Only the lines from the one containing "#WorldReadAloudDay may only" through the last line of the data below belong in your answer, copied exactly and without pictures.

[Data — start]

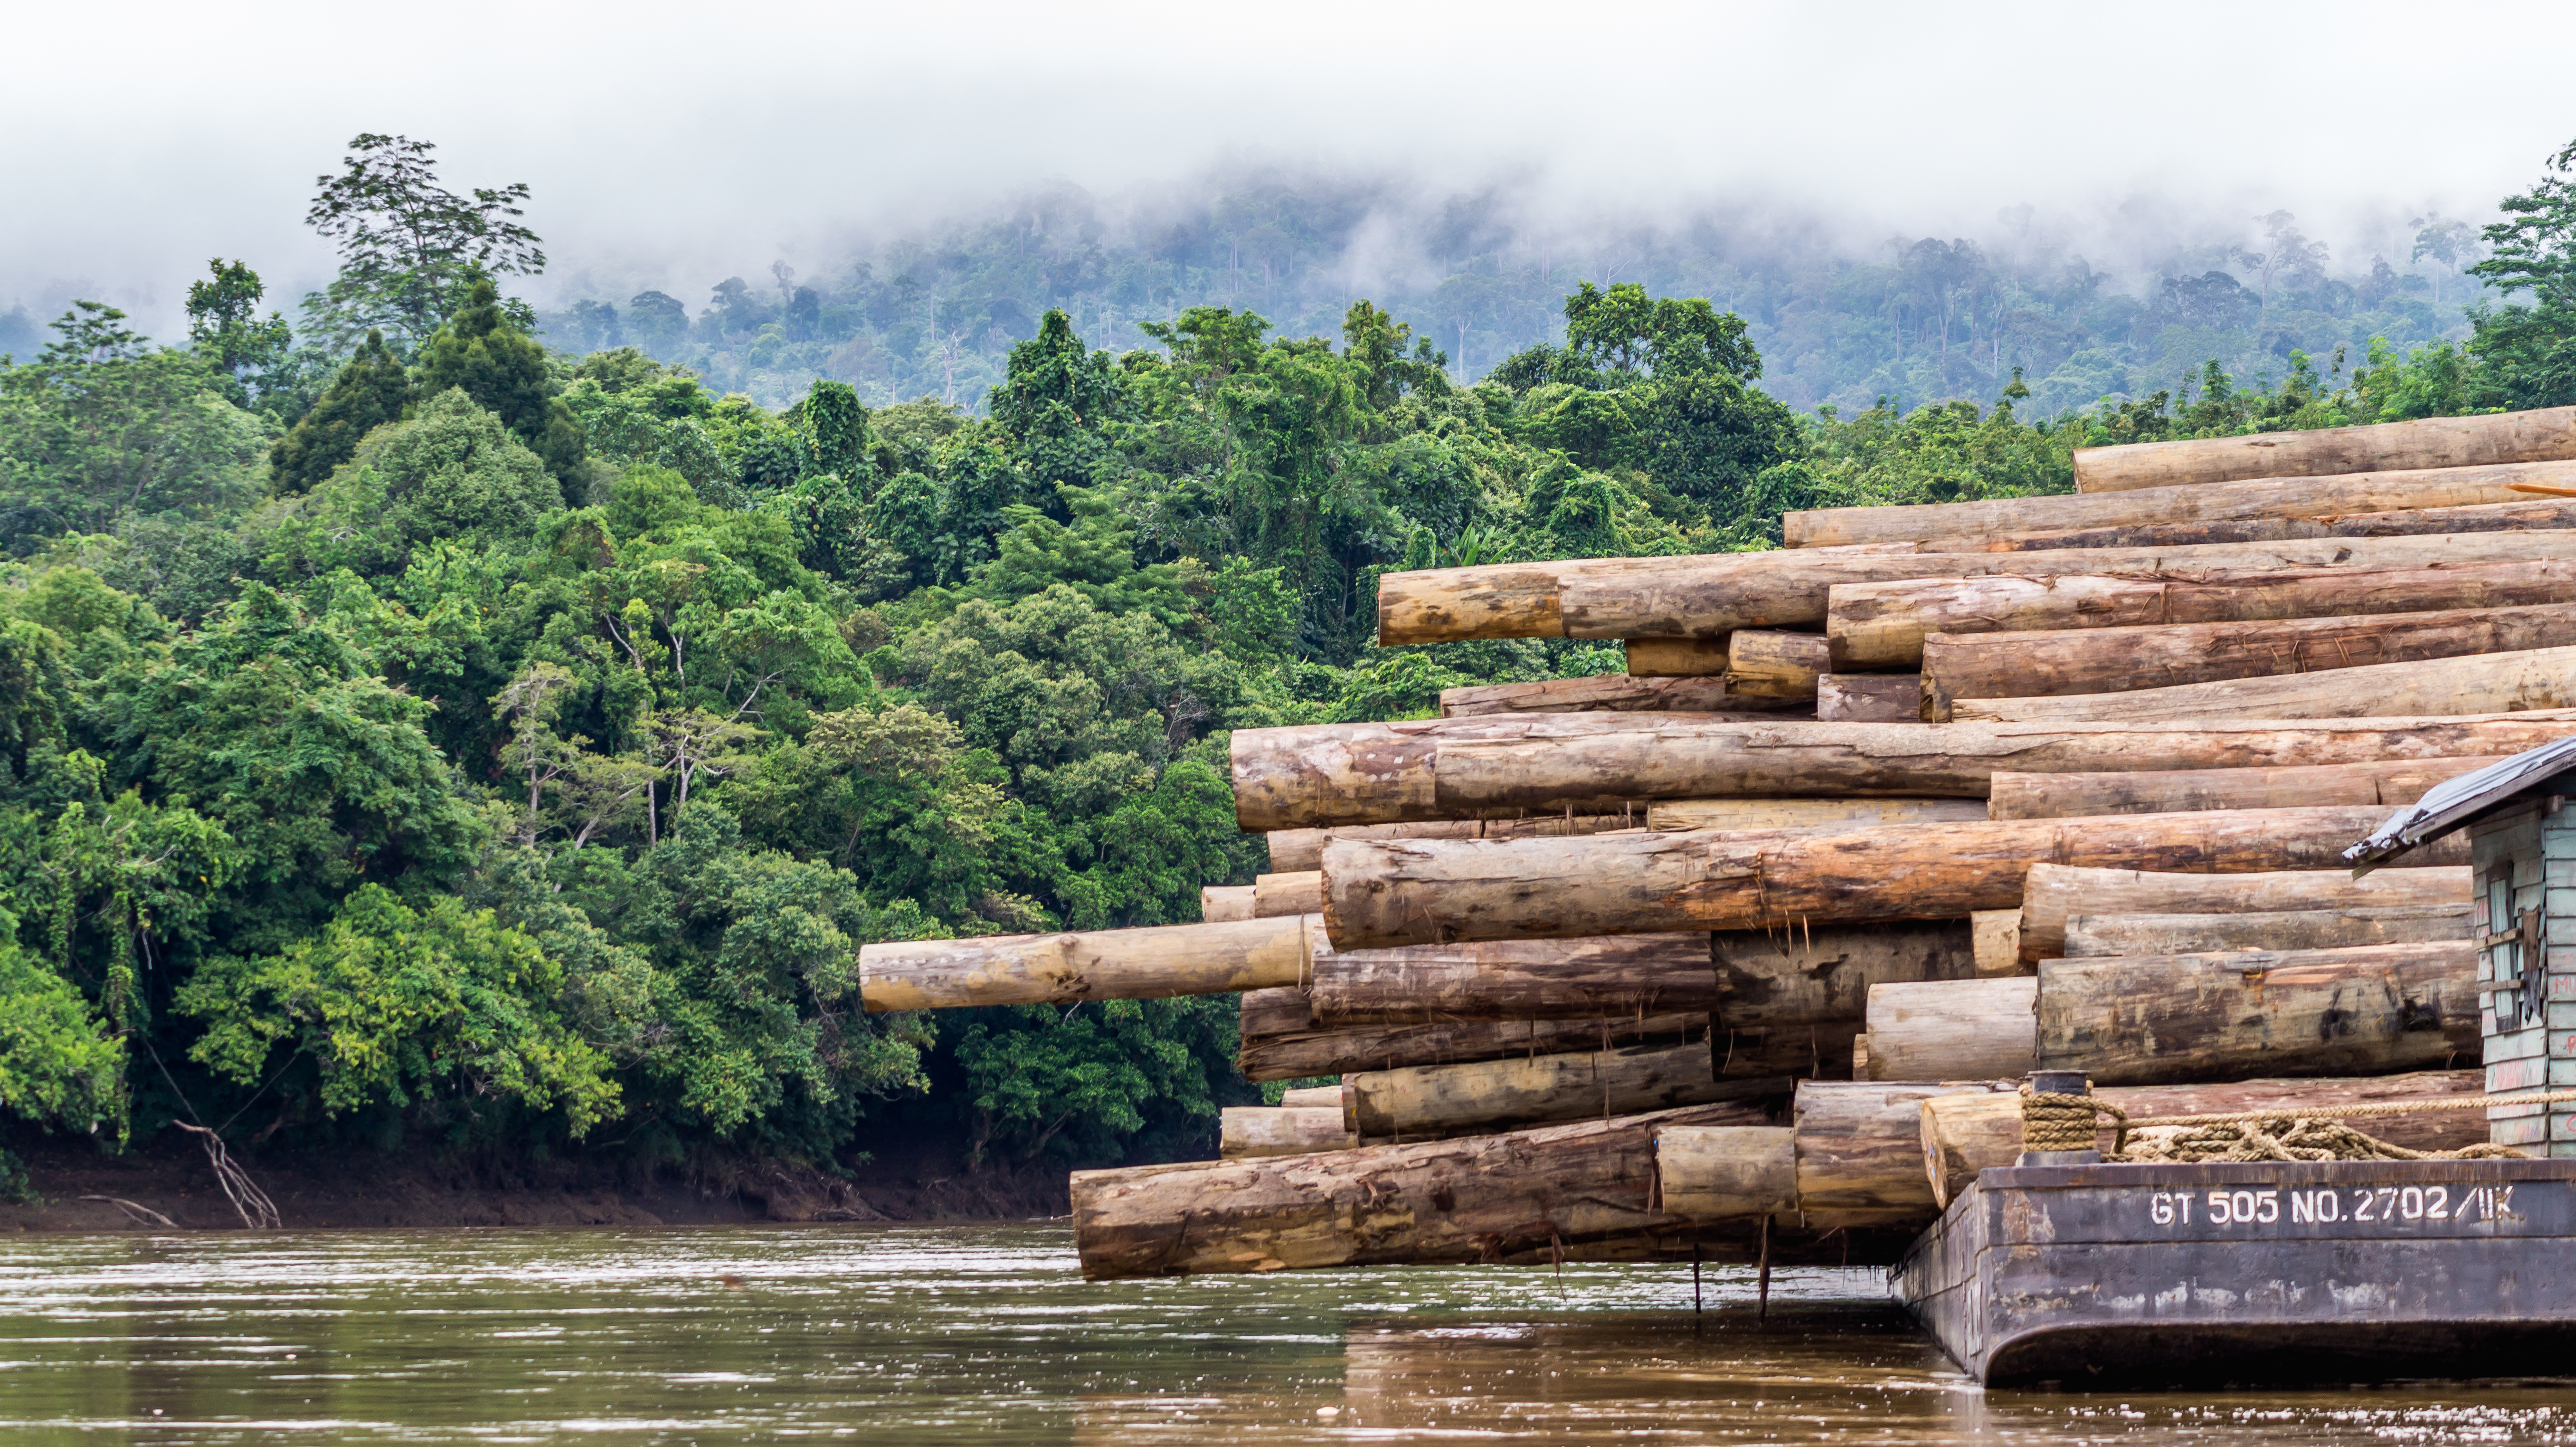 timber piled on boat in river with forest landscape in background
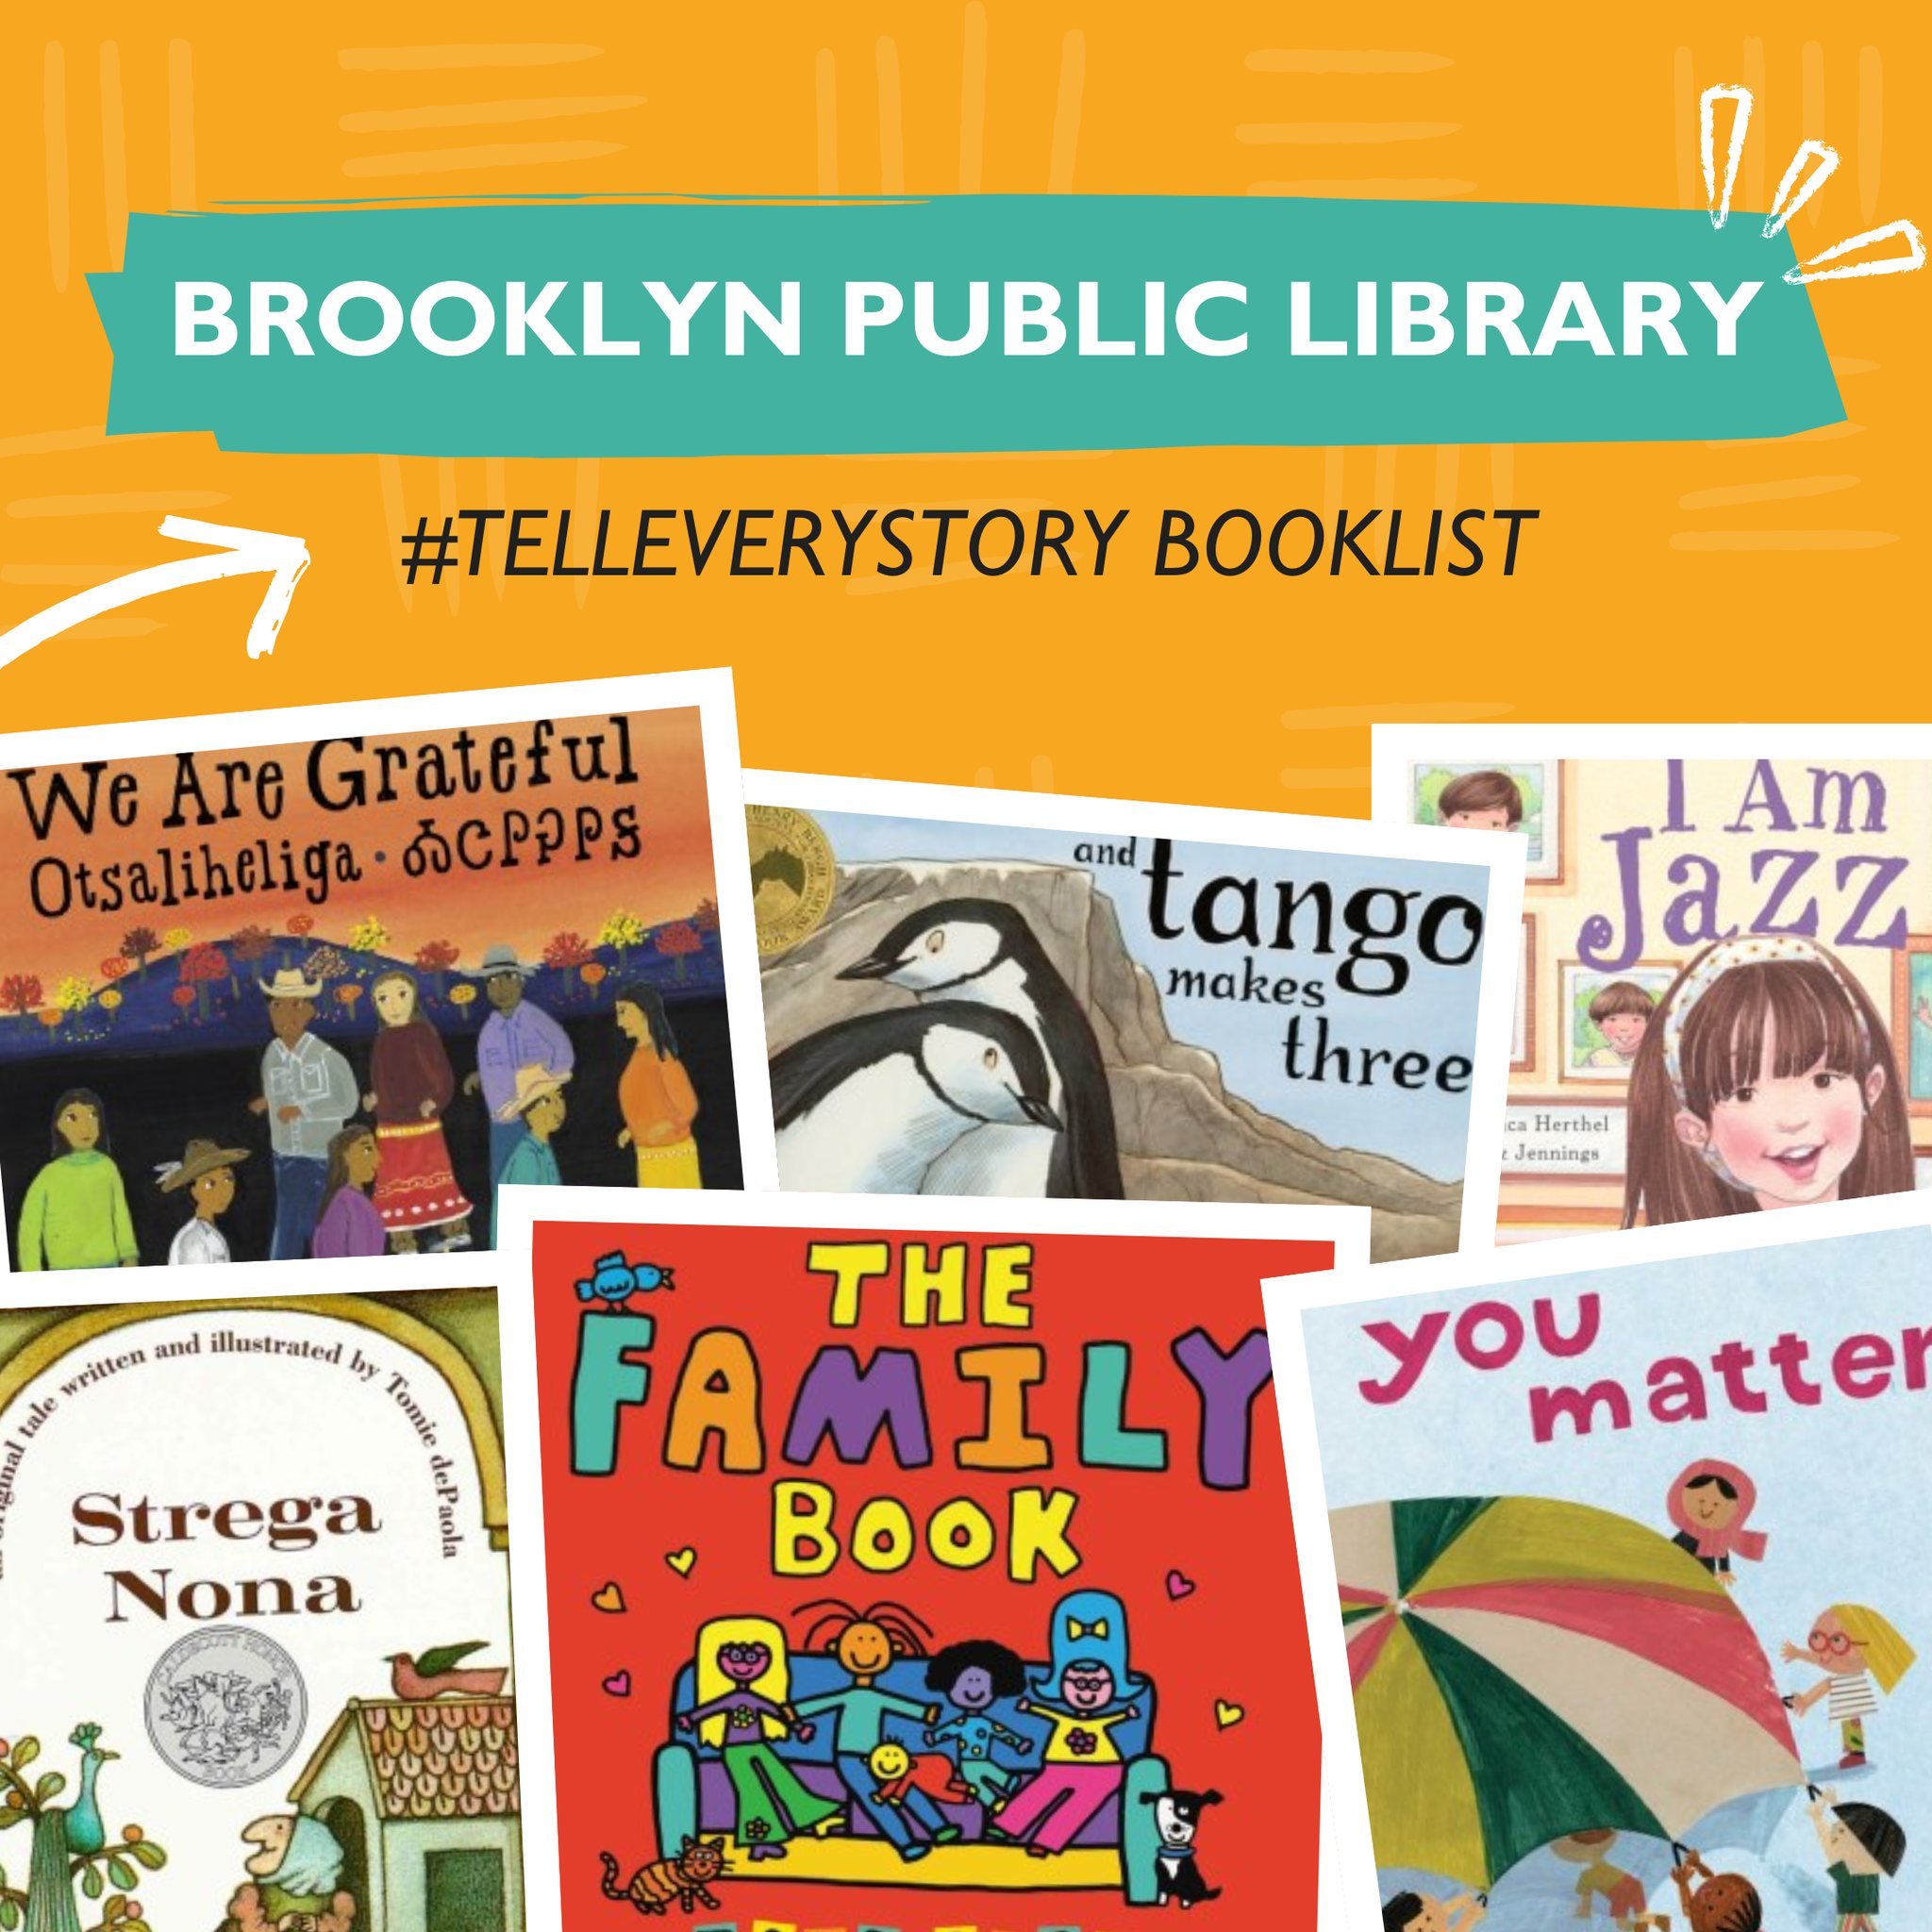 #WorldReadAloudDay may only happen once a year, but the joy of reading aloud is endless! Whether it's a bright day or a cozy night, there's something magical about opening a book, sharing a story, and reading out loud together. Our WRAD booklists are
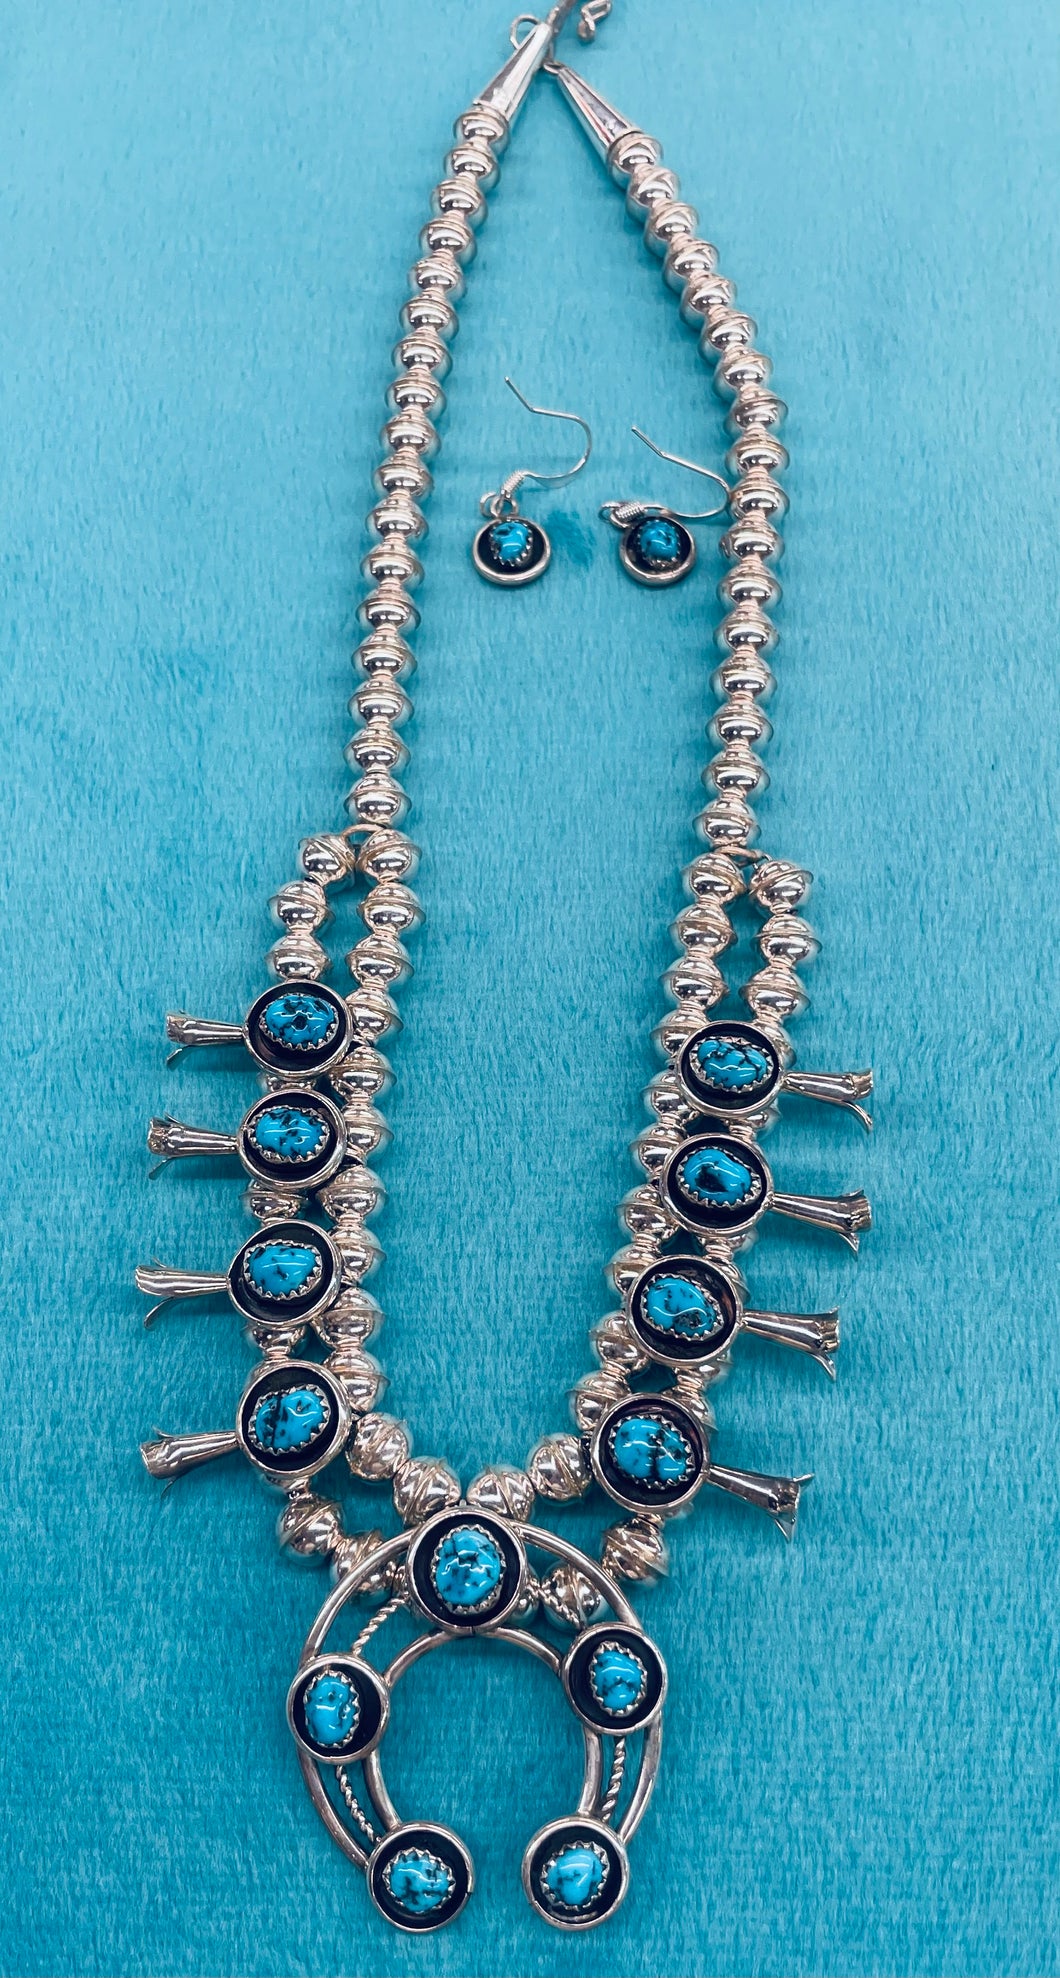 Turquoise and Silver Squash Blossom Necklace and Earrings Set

[Data — finish]

Answer box:
 #WorldReadAloudDay may only happen once a year, but the joy of reading aloud is endless! Whether it's a bright day or a cozy night, there's something magical about opening a book, sharing a story, and reading out loud together. Our WRAD booklists are
 Turquoise and Silver Squash Blossom Necklace and Earrings Set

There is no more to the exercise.